Ce que ça résout
La structure par défaut des notes numériques — documents, dossiers, onglets — est séquentielle. Le cerveau humain n’est pas séquentiel. Il est spatial. Chaque fois que tu forces ton savoir dans une liste, une timeline ou un dossier imbriqué, tu traduis hors de la langue que ton hippocampe parle nativement.
La méthode du Palais de la Mémoire est le raccourci connu des Grecs anciens. Fluera la transforme en standard.
Comment ça marche
Le canvas est infini dans toutes les directions. Chaque concept que tu écris vit à une position spécifique — coordonnées (x, y) que le scheduler et le moteur de mémoire ne perdent jamais. Tu décides où placer les choses. Les concepts similaires se regroupent. Les matières différentes occupent des quartiers différents. Les connexions sont des flèches littérales à travers un espace littéral.
Dézoome et le semestre devient une carte. Zoome et un seul sujet montre son détail manuscrit. La transition est continue — il n’y a pas de frontière de “document” qui brise la métaphore spatiale.
Avec le temps, ton canvas grandit. Ce qui a commencé comme des nœuds épars devient des quartiers, des villes, des continents de connaissance. Naviguer devient une habitude — ton hippocampe construit une carte de place cells de ton territoire intellectuel, comme il construit des cartes de place cells de ton appartement.
La science derrière
En 2014, le Nobel de Physiologie ou Médecine est allé à John O’Keefe et May-Britt et Edvard Moser pour les découvertes des place cells (hippocampe) et des grid cells (cortex entorhinal). Ensemble, elles forment le GPS interne du cerveau. Elles ont évolué pour la navigation — mais l’hippocampe les a adoptées pour la mémoire de tout type.

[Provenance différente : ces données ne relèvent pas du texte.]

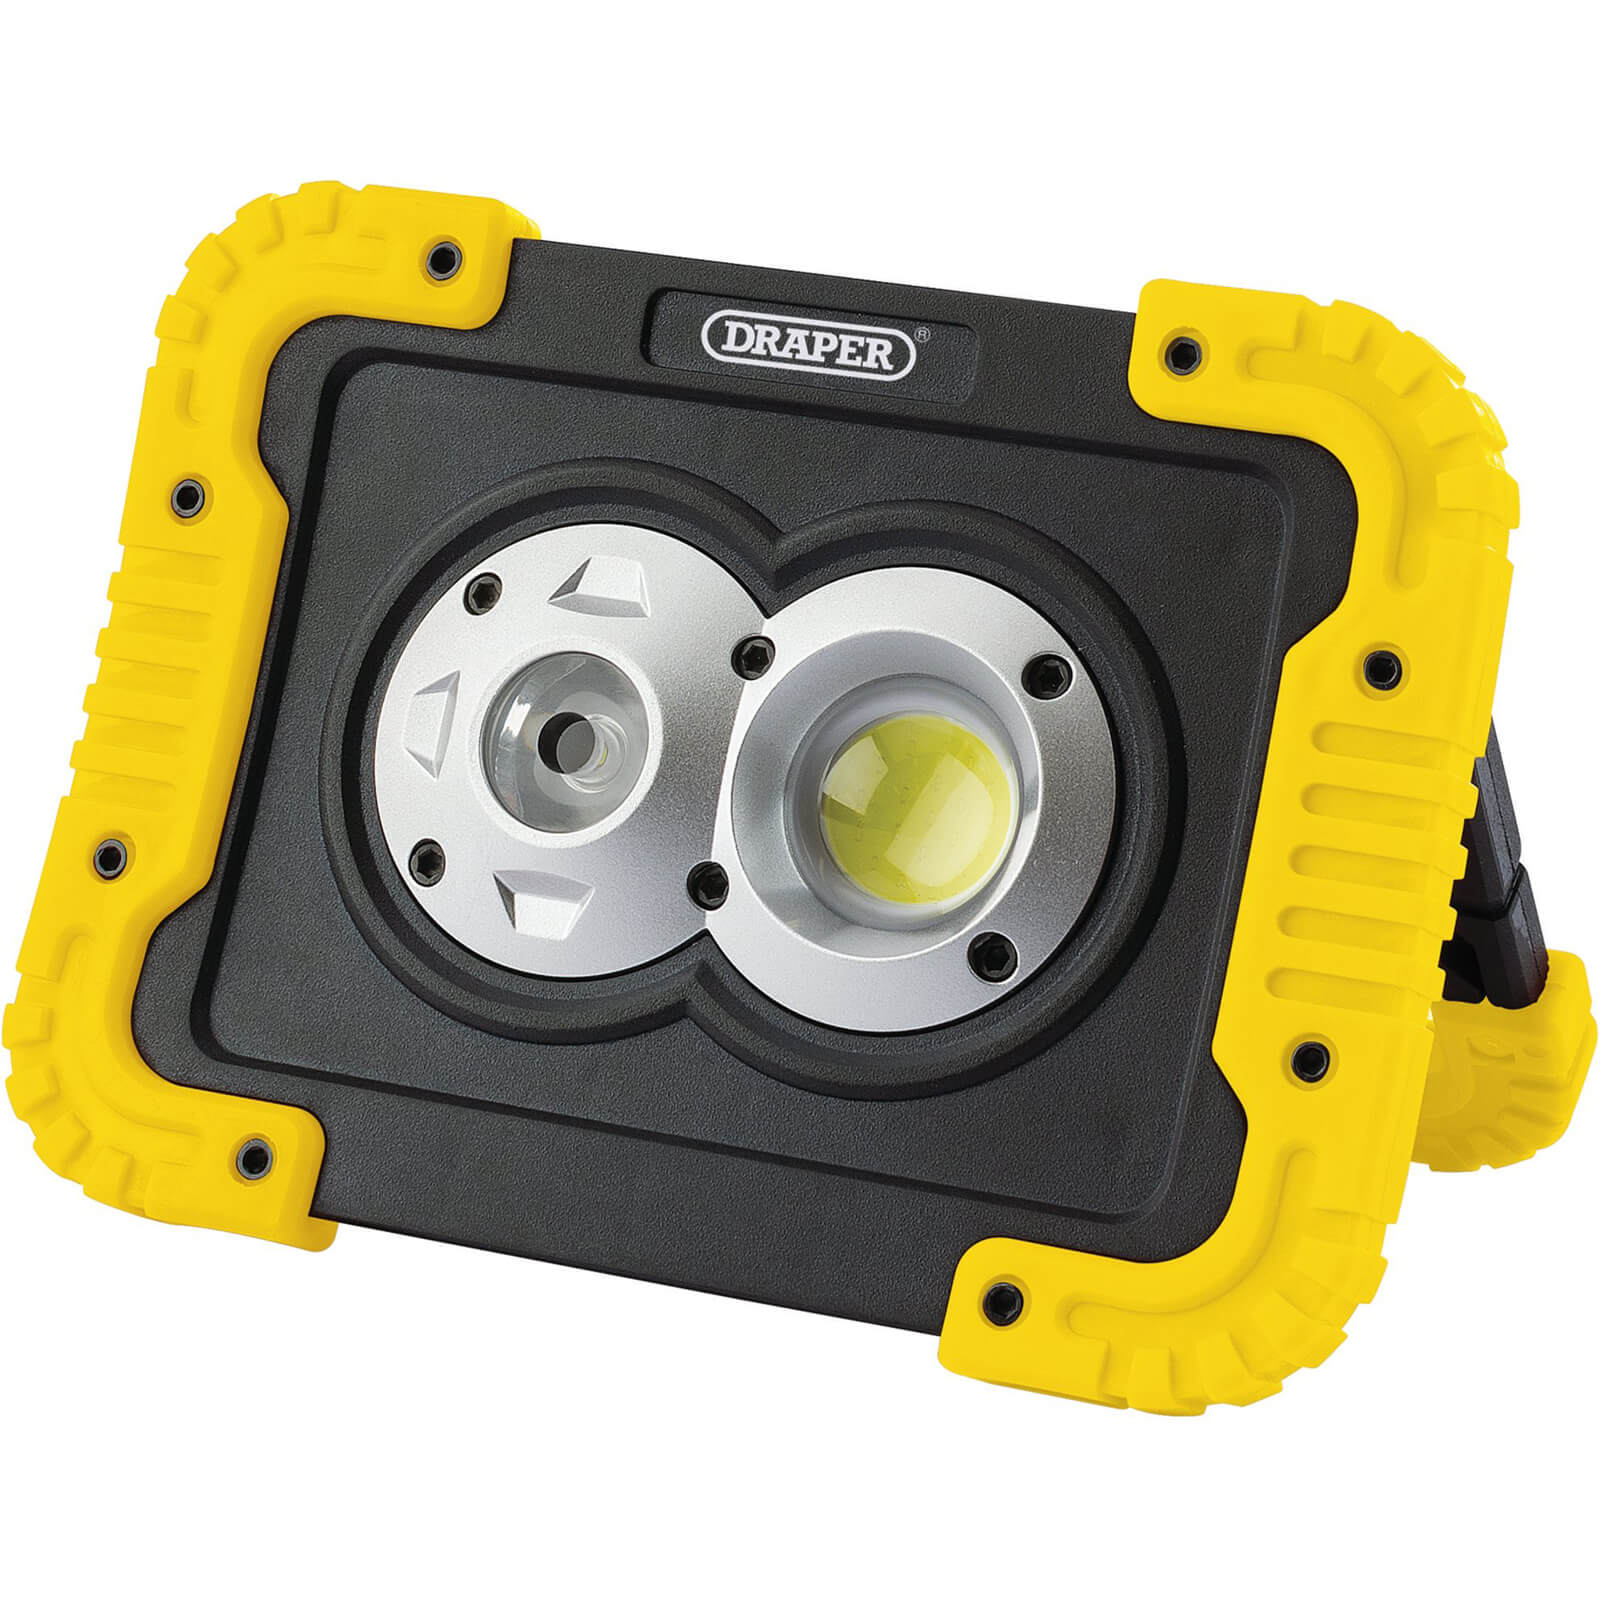 Photos - Floodlight / Garden Lamps Draper Rechargeable COB LED Worklight and Powerbank 87737

Les athlètes de la mémoire qui utilisent la méthode des loci surpassent les contrôles avec des effect sizes autour de d = 0,88 — très grands pour n’importe quel standard psychologique. Les études de neuro-imagerie montrent que leur pattern d’activation hippocampique est identique, qu’ils récupèrent des décimales de pi mémorisées ou qu’ils se rappellent le plan de leur maison d’enfance. La circuiterie est littéralement la même.
La recherche en cartographie conceptuelle de Joseph Novak (1984) ajoute la deuxième jambe : construire une carte spatiale surpasse étudier une carte préfabriquée, à travers les disciplines et les niveaux scolaires. Fluera combine les deux — ton canvas est un palais de la mémoire que tu construis, pas un que tu reçois.

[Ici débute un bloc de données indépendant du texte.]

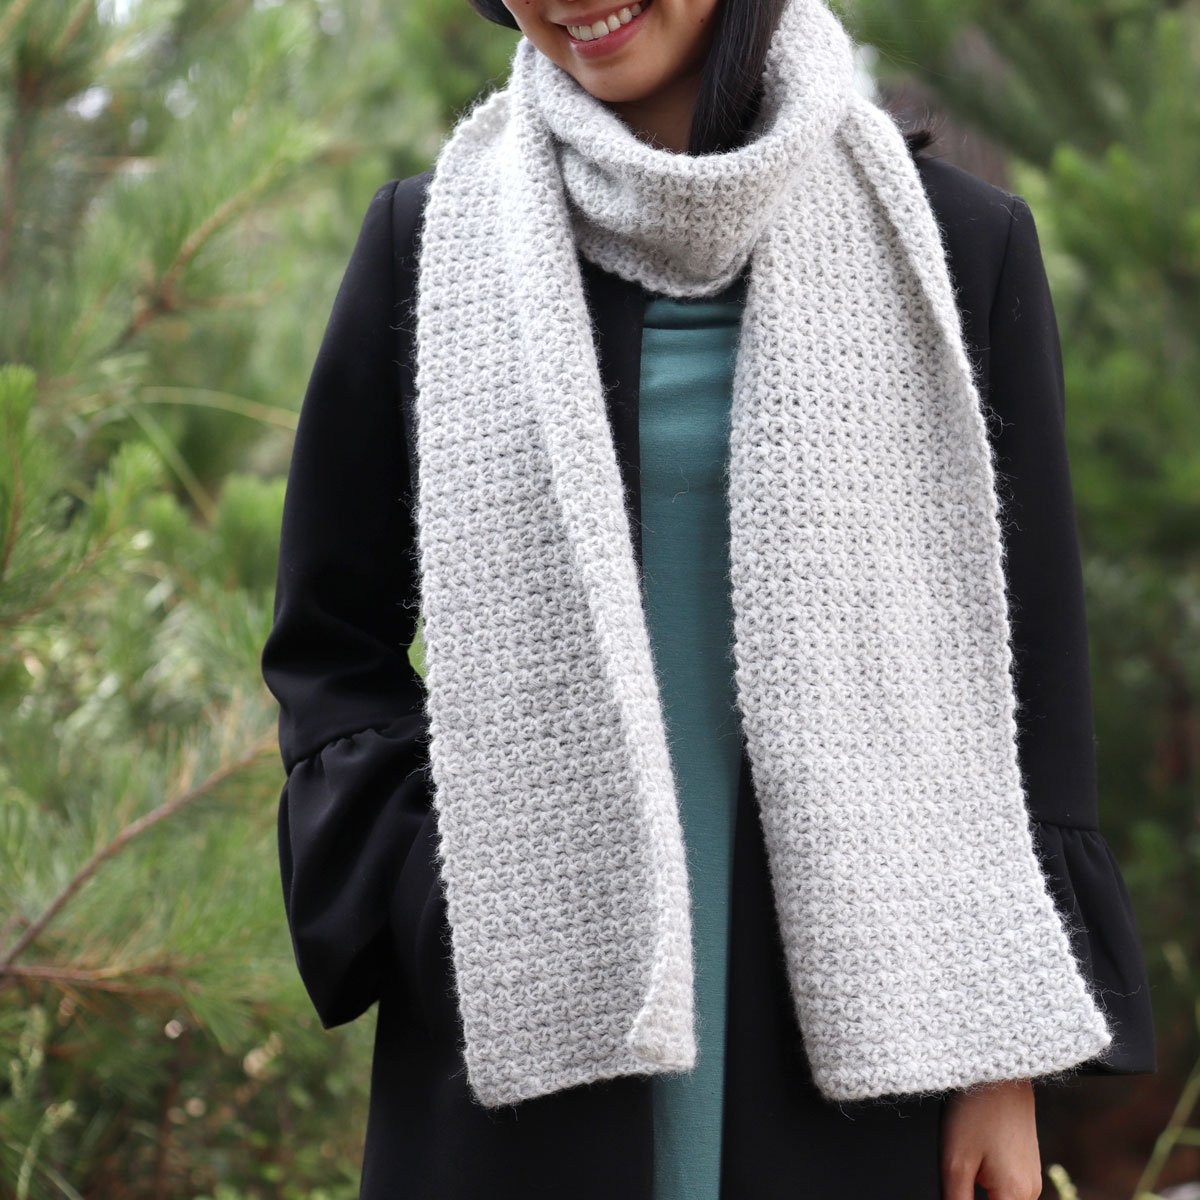 Beginner Crochet Scarf – In The Clouds Scarf - free pattern + video

Mueller et Oppenheimer (2014) et van der Meer (2020) complètent le tableau : l’écriture à la main en elle-même n’est pas accessoire. Les mouvements de la main encodent une trace motrice qui renforce la trace spatiale. Trois canaux d’encodage — sémantique, spatial, moteur — actifs simultanément à chaque nœud que tu dessines.
La suite
Le Palais de la Mémoire est la fonctionnalité la plus ancienne de Fluera — c’est le canvas. Travaux en cours :
- Visites guidées du palais — walkthroughs narrés auto-générés de ton cahier, utiles avant un examen.
- Téléport cross-canvas — bookmarks spatiaux sur plusieurs canvas et saut via cue spatial.
- Import depuis l’imagination — lieux décrits par la voix qui deviennent des régions du canvas (expérimental, R&D).